Both of these algorithms are used in association studies to account for data sets that show population stratification and relatedness. However, there is a slight difference between how they are run. EMMA is compatible with datasets with a moderate to small n, but the computational power required for datasets with a large n is astronomical. This is because EMMA calculates variance components for the reduced model plus the marker being tested, meaning each marker has its own variance component calculation. EMMAX being the expedited version of the algorithm assumes that the effect of each SNP on the trait is small; the variance component is only for the reduced model and thus has one variance component calculation for the whole run. It’s this simplification in EMMAX that may result in different results depending on the dataset, for example when the associated SNP has a larger effect on the phenotype, which violates the assumption of EMMAX, this may yield conservative p values and lead to a loss of statistical power.

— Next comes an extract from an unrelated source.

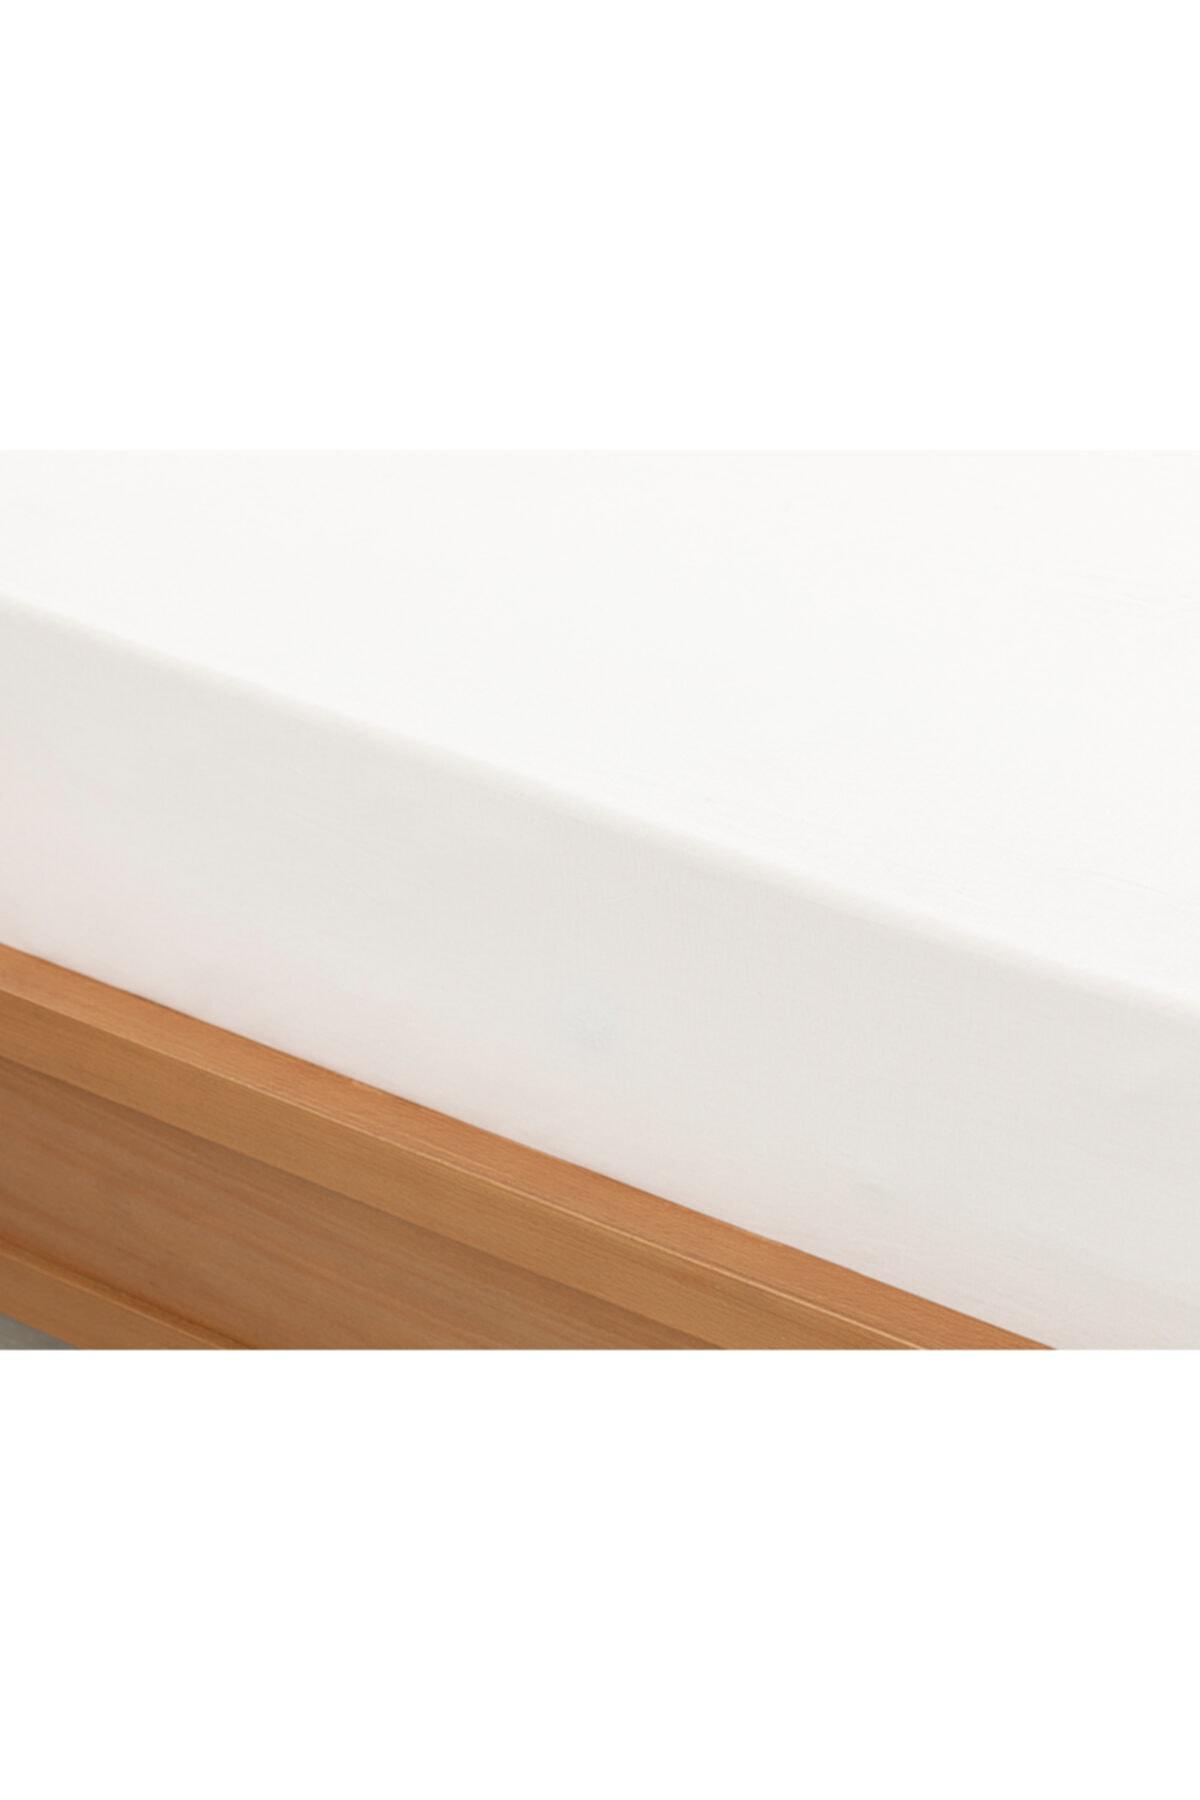 English Home Düz 2 Pamuklu Çift Kişilik Lastikli Çarşaf 160X200 Cm Beyaz 2
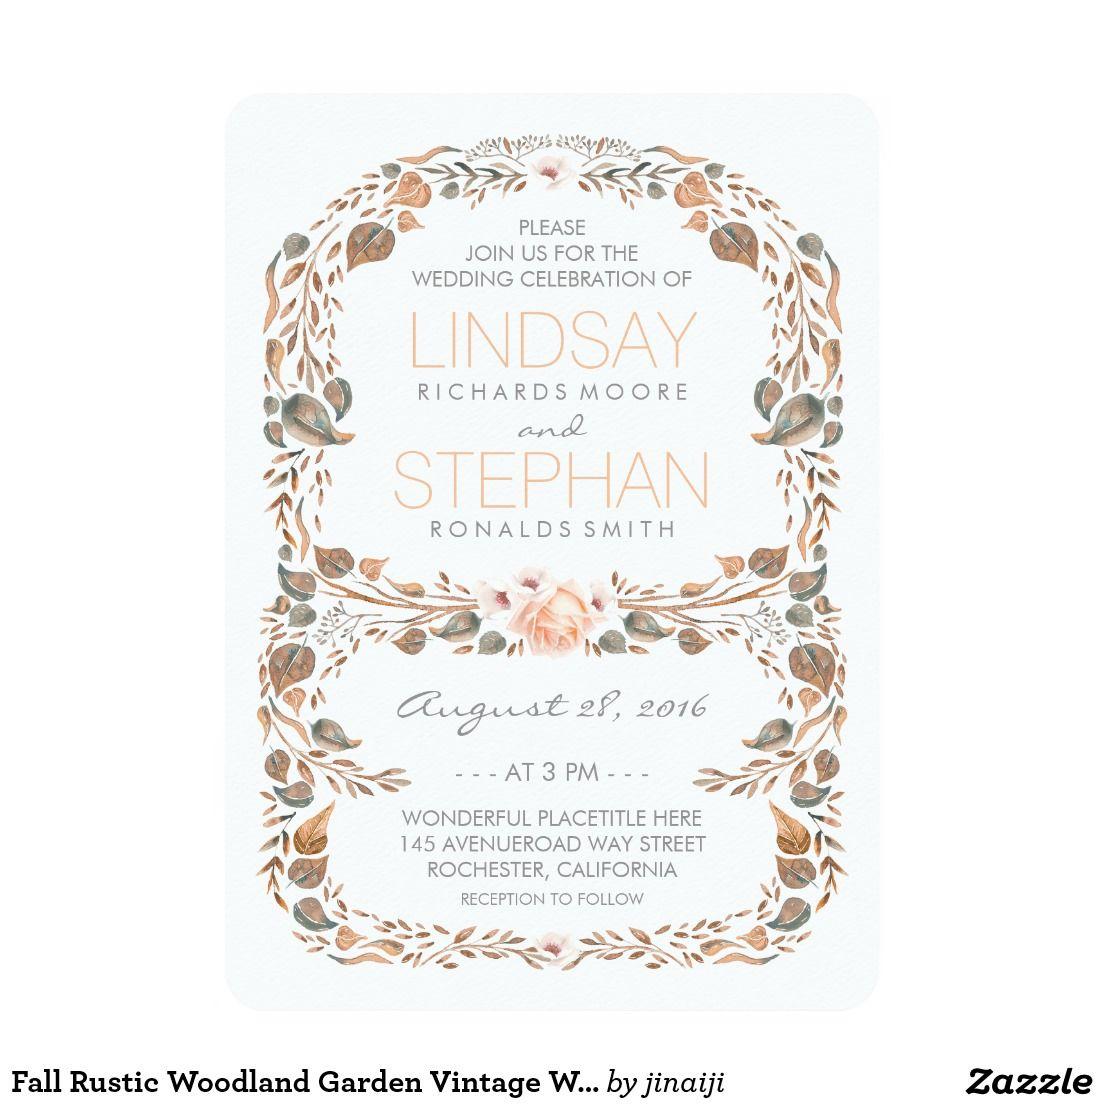 Fall Rustic Woodland Garden Vintage Wedding | Wedding Invitations ...

In conclusion, EMMA and EMMAX differ in that EMMA calculates its own variance component for each marker. Whereas EMMAX assumes each SNP effect is small and therefore the whole run has one variance component calculation.
Ref: Zhou and Stephens 2012. “Genome-wide Efficient Mixed Model Analysis for Association Studies.” Nature Genetics 44(7): 821-824.
Thanks – then does it make sense to run post-hoc run EMMA on large effect size variants, perhaps by running a traditional PLINK PCA corrected association model to select them, running EMMAX on all variants and EMMA on the high effect size ones?